Activity: Your response to the data below should hold nothing except the lines from the one containing "HP bright white ink jet paper, 500 sheets" down to the one containing "Tree branches frame", reproduced exactly and without pictures.

Dataset content:
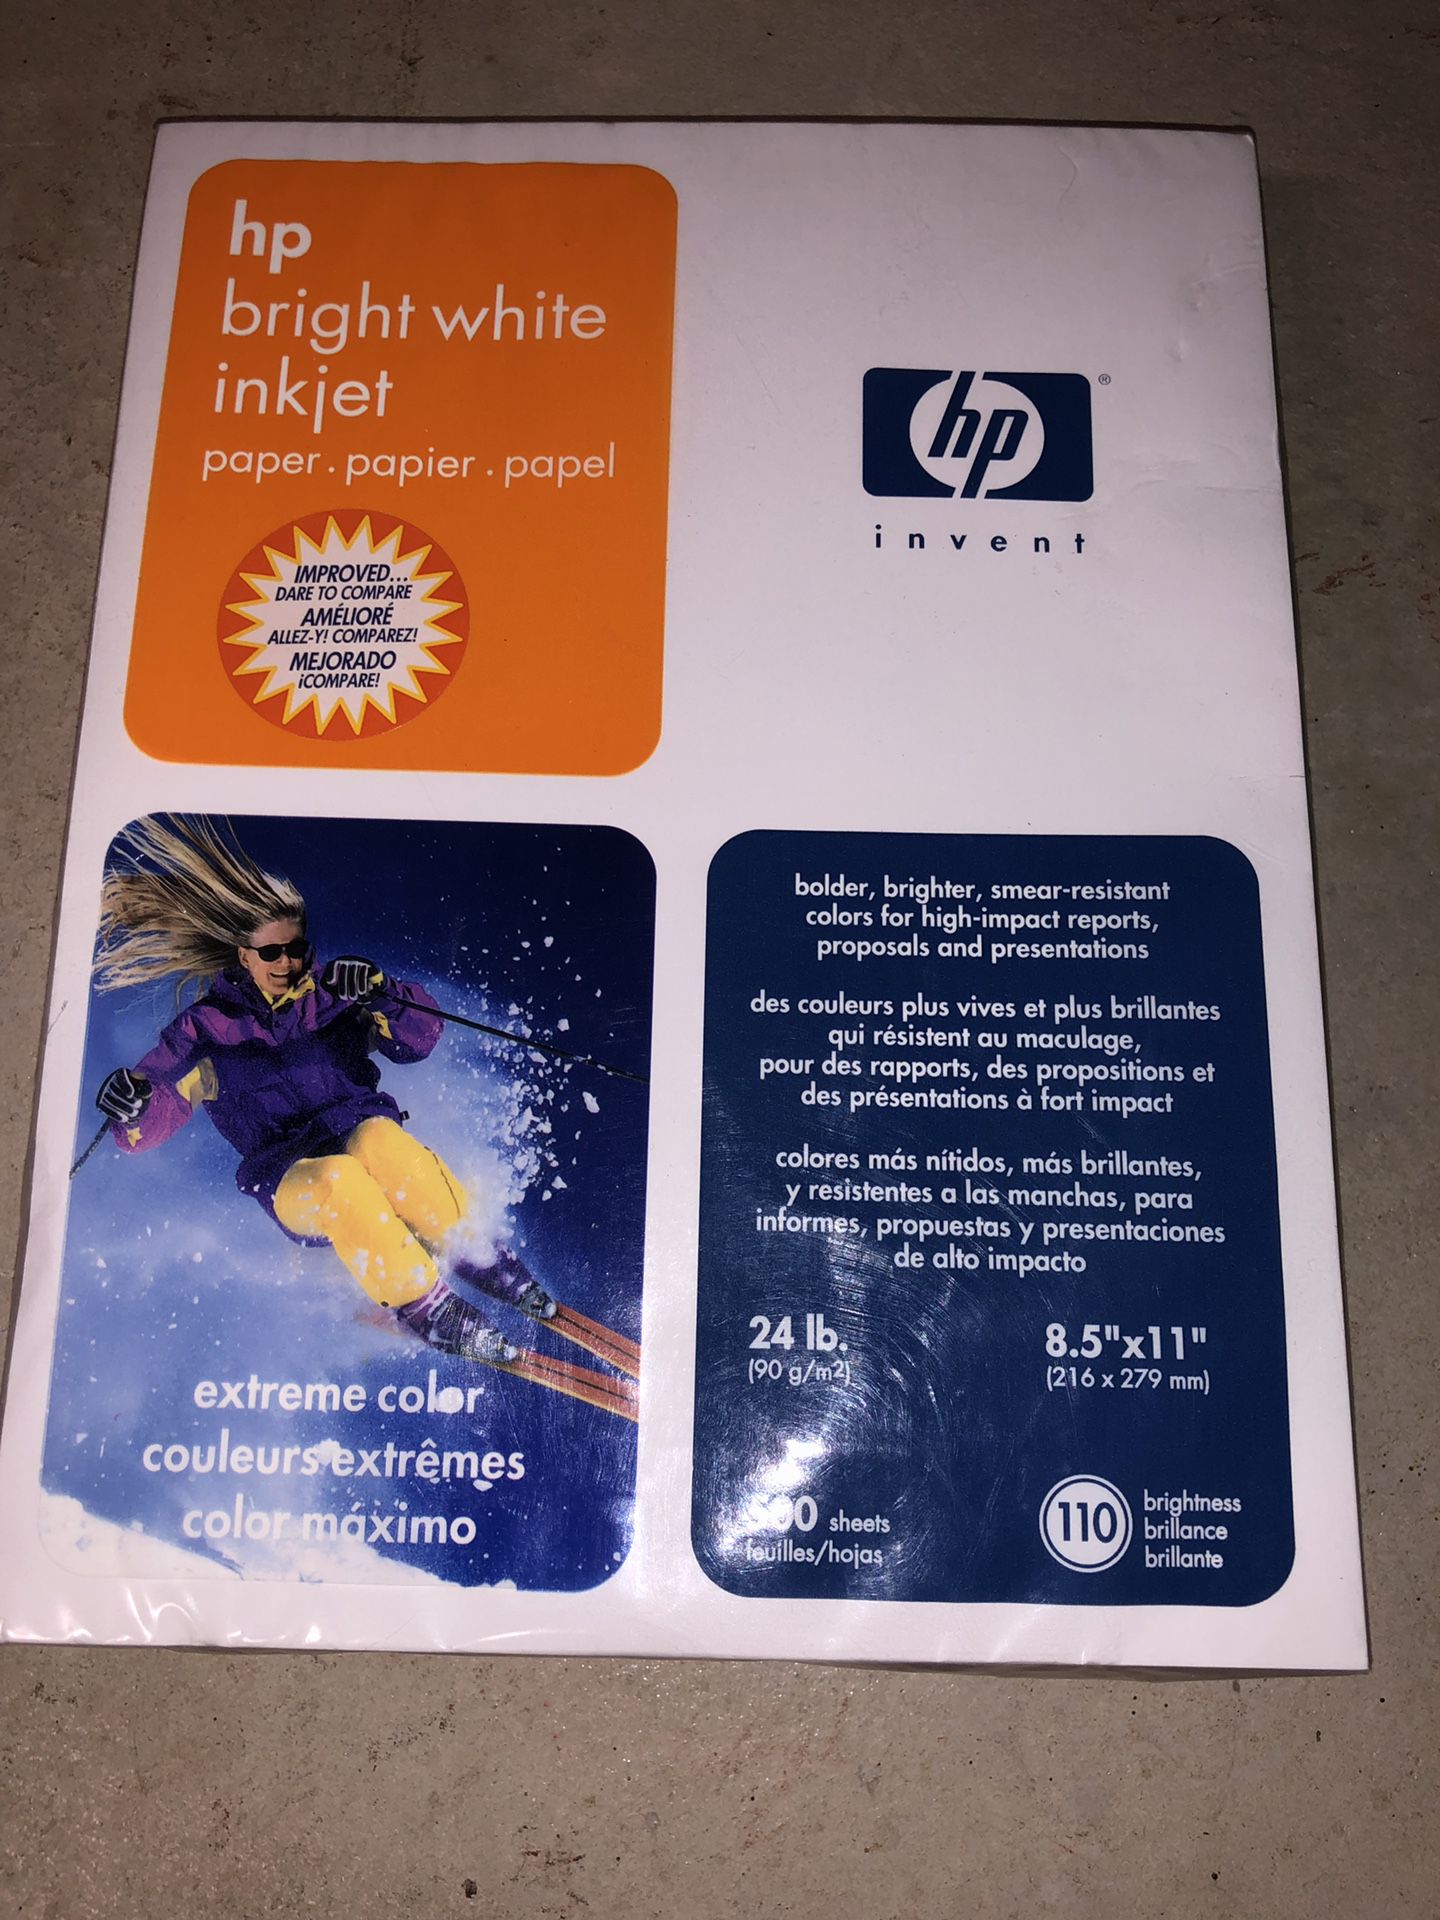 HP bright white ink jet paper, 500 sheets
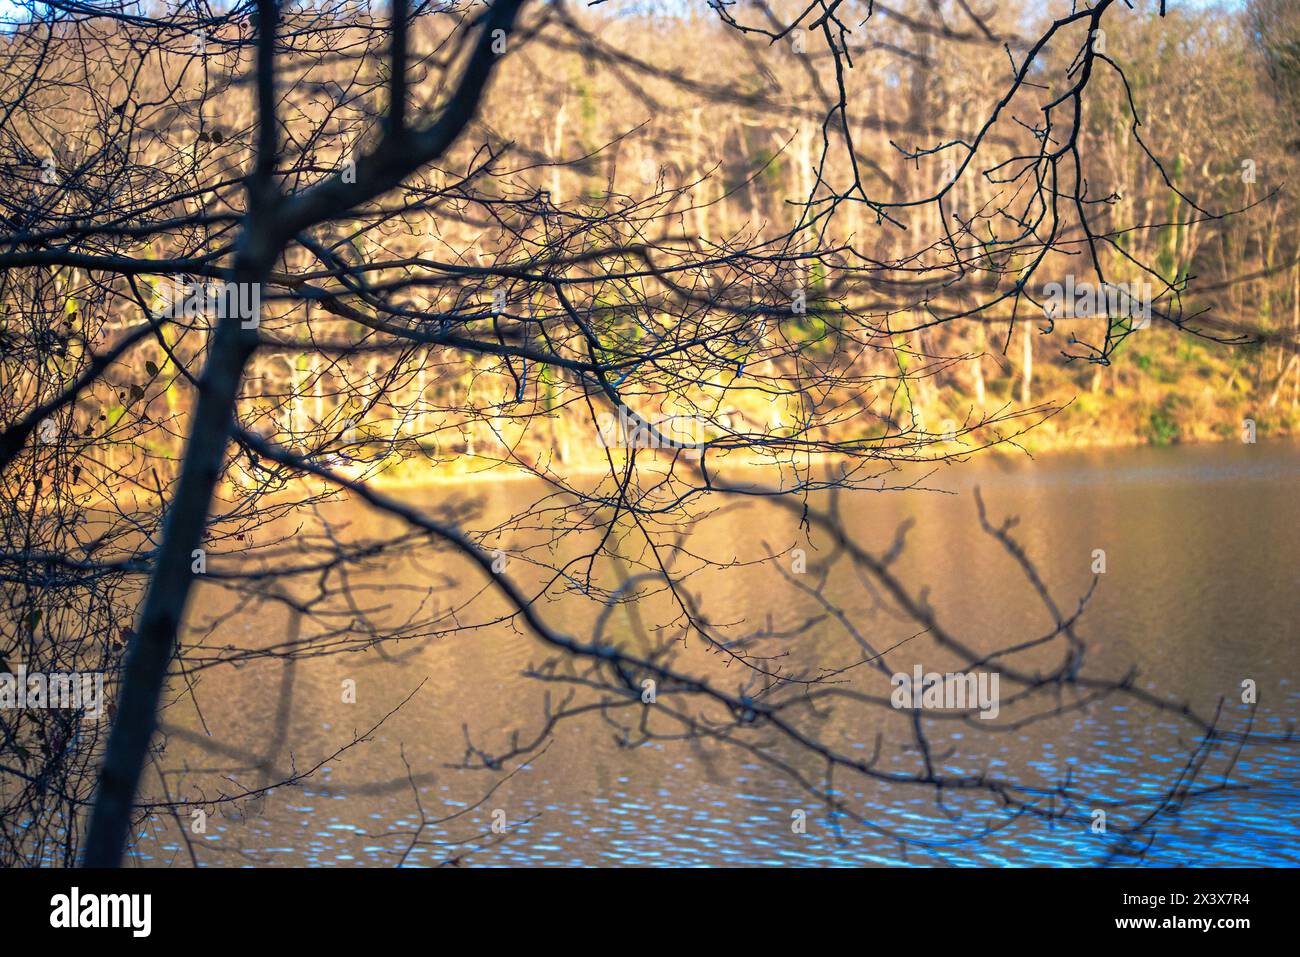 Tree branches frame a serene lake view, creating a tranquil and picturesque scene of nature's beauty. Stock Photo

---

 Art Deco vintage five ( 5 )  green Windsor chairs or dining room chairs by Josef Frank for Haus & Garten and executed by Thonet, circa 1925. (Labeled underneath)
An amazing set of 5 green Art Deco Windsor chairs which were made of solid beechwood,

--

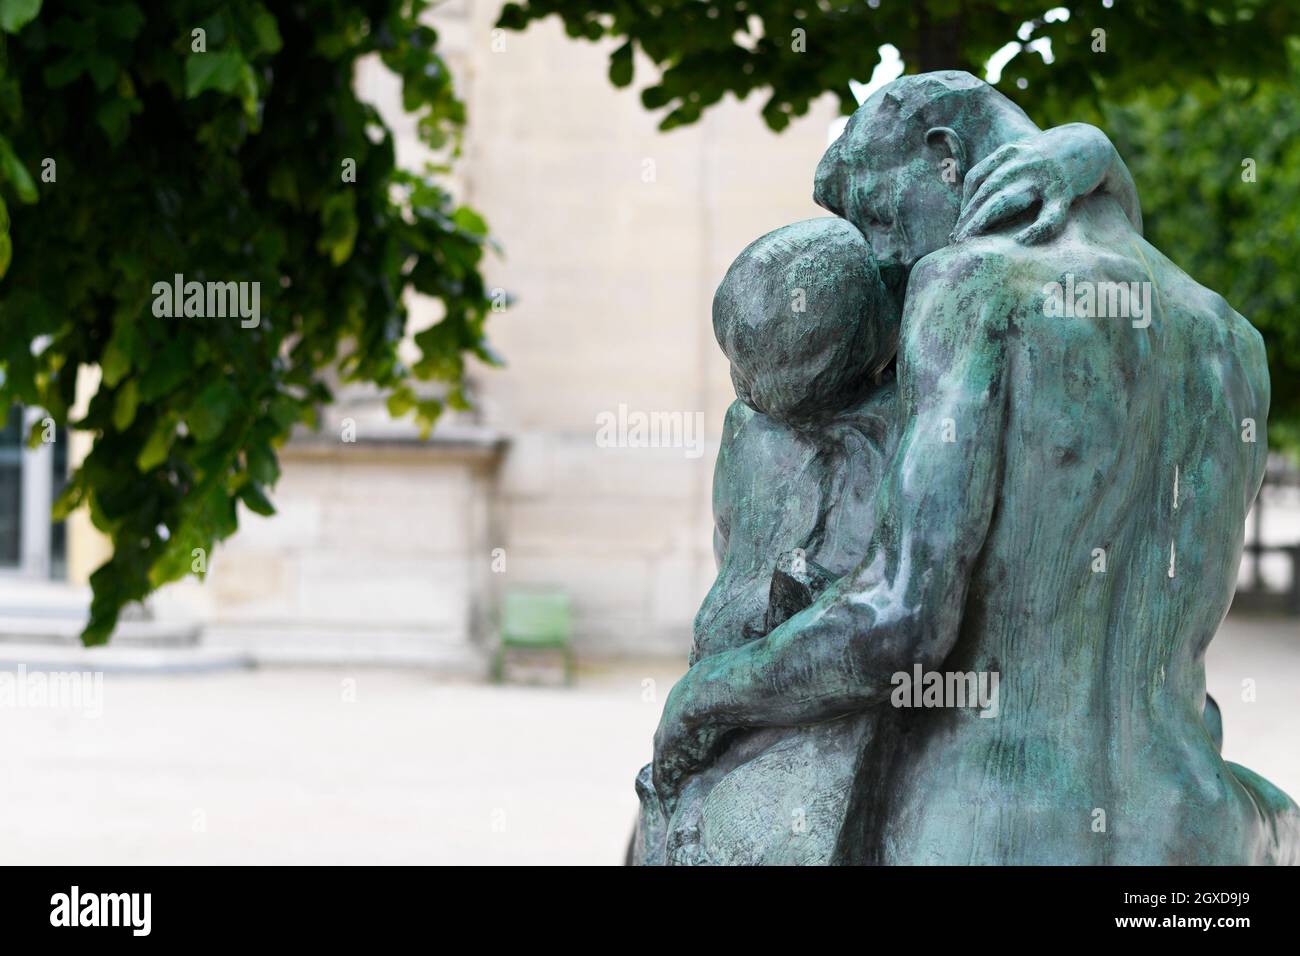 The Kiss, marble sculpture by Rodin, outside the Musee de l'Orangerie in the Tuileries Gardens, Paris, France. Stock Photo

Your solution:
 HP bright white ink jet paper, 500 sheets
 Tree branches frame a serene lake view, creating a tranquil and picturesque scene of nature's beauty. Stock Photo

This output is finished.